29284921 profiles read, 8437576 profiles marked nonredundant. (time: 8097 seconds)
setting additional statistics...
Creating reference sequence database...
DBD::SQLite::db do failed: near "(": syntax error at /scg/apps/software/vntrseek/1.10.0-rc.3/vntrseek1.10.0-rc.3/lib/vutil.pm line 706.
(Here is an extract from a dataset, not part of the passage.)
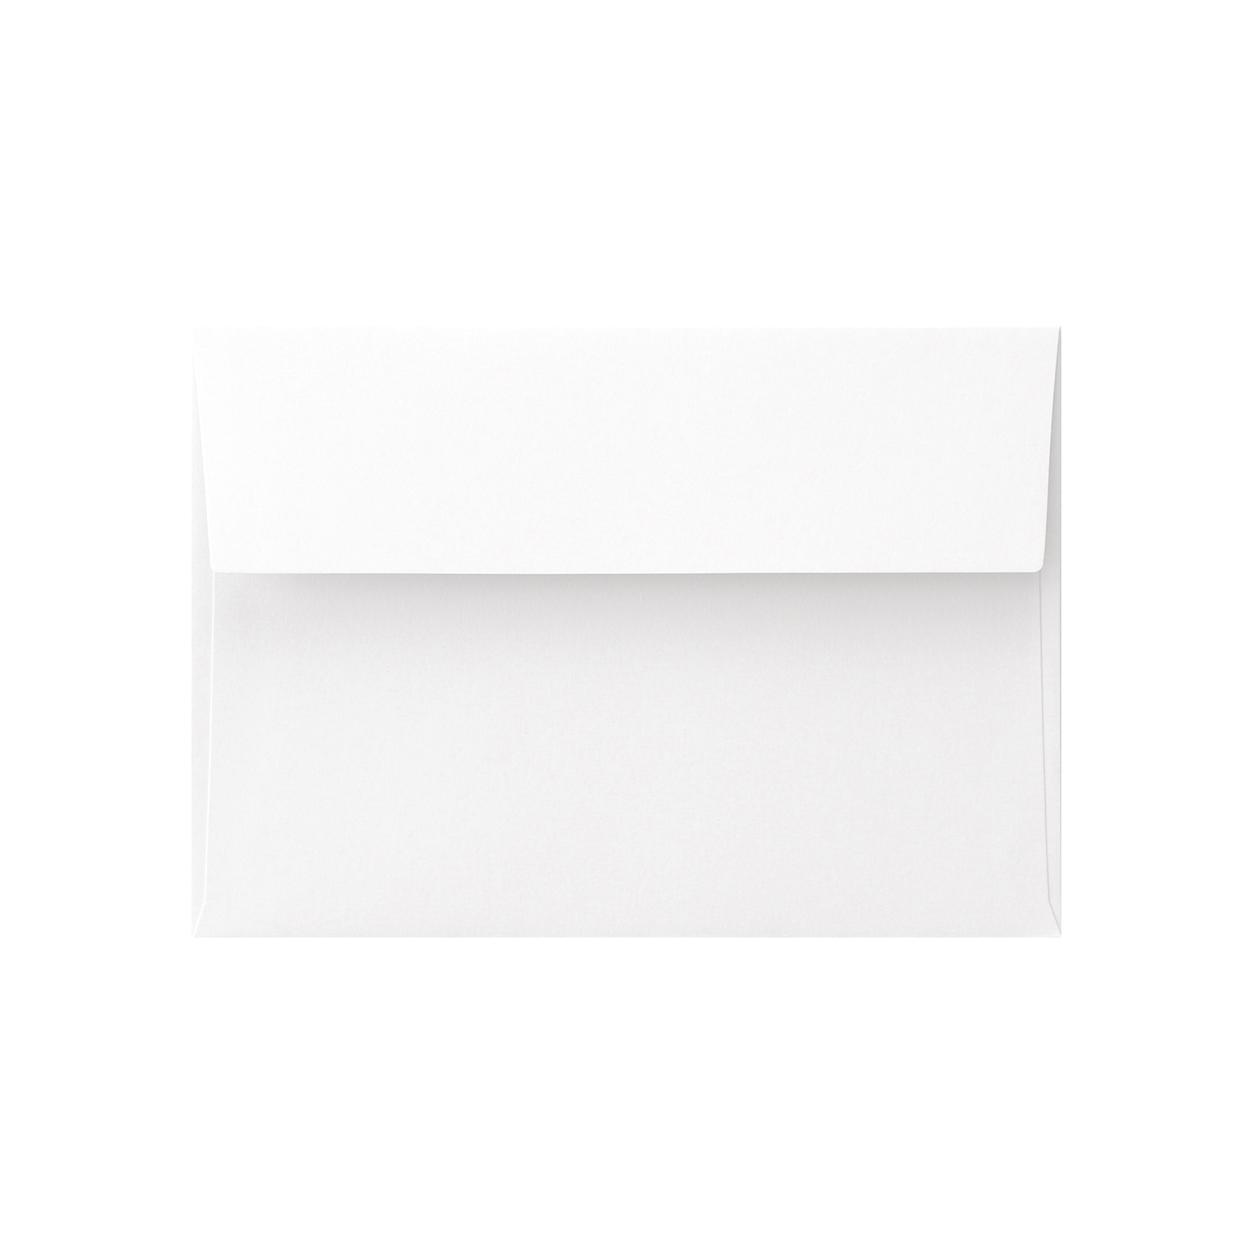 洋2カマス封筒 コットンオペーク ホワイト 116.3g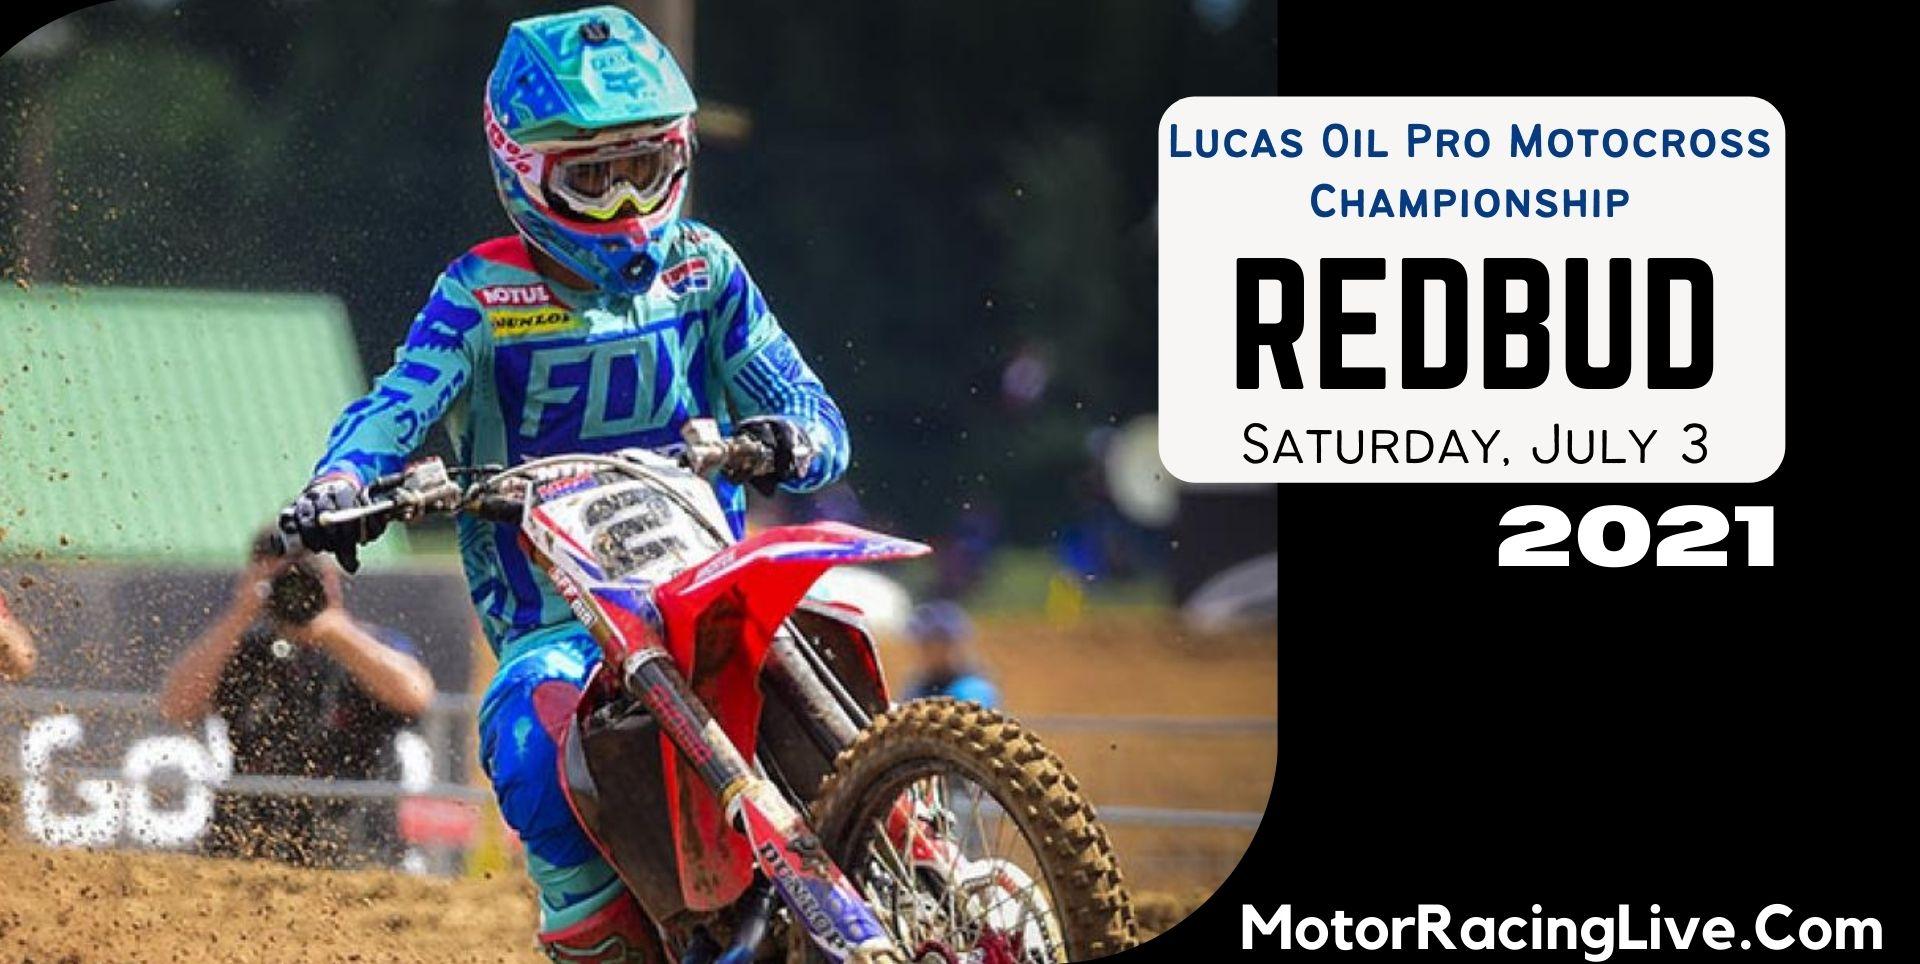 Redbud Live Streaming 2021 | Motocross

command exited with value 2 at /scg/apps/software/vntrseek/1.10.0-rc.3/bin/vntrseek line 585.
Done vntrseek
My perl-fu is weak and I do not see an obvious problem in vutil.pm, any idea what we are doing wrong here?
$ cat 7258930.vs.cnf
# Database backend
BACKEND=sqlite
# set this to the number of processors on your system
# (or less if sharing the system with others or RAM is limited)
# eg, 8
NPROCESSES=128
# minimum required flank on both sides for a read TR to be considered
# eg, 10
MIN_FLANK_REQUIRED=10
# maximum flank length used in flank alignments
# set to big number to use all
# if read flanks are long with a lot of errors,
# it might be useful to set this to something like 50
# max number of errors per flank is currently set to 8 (can be changed in main script only)
# eg, 1000
MAX_FLANK_CONSIDERED=50
# minimum number of mapped reads which agree on copy number to call an allele
# eg, 2
MIN_SUPPORT_REQUIRED=2
# Whether or not to keep reads detected as PCR duplicates. A nonzero (true) value
# means that detected PCR duplicates will not be removed. Default is 0.
KEEPPCRDUPS=1
# server name, used for html generating links
# eg, orca.bu.edu
SERVER=localhost
# for 454 platform, strip leading 'TCAG'
# eg, 1 - yes
# eg, 0 - no (use no for all other platforms)
STRIP_454_KEYTAGS=0
# data is paired reads
# eg, 0 = no
# eg, 1 - yes
IS_PAIRED_READS=1
# Sample ploidy. Default is 2. For haploid, set to 1.
PLOIDY=2
# Rebuild reference database
# eg, 0 = no
# eg, 1 - yes
REDO_REFDB=0
# input data directory
# (plain or gzipped fasta/fastq files)
# eg, /input
INPUT_DIR=/tmp/7258930/fasta
# output directory (must be writable and executable!)
# eg, /output
OUTPUT_ROOT=/home/username/output/7258930
# temp (scratch) directory (must be executable!)
# eg, /tmp
TMPDIR=/tmp/7258930
# names for the reference files
# (leb36 file, sequence plus flank data file, indistinguishable references file)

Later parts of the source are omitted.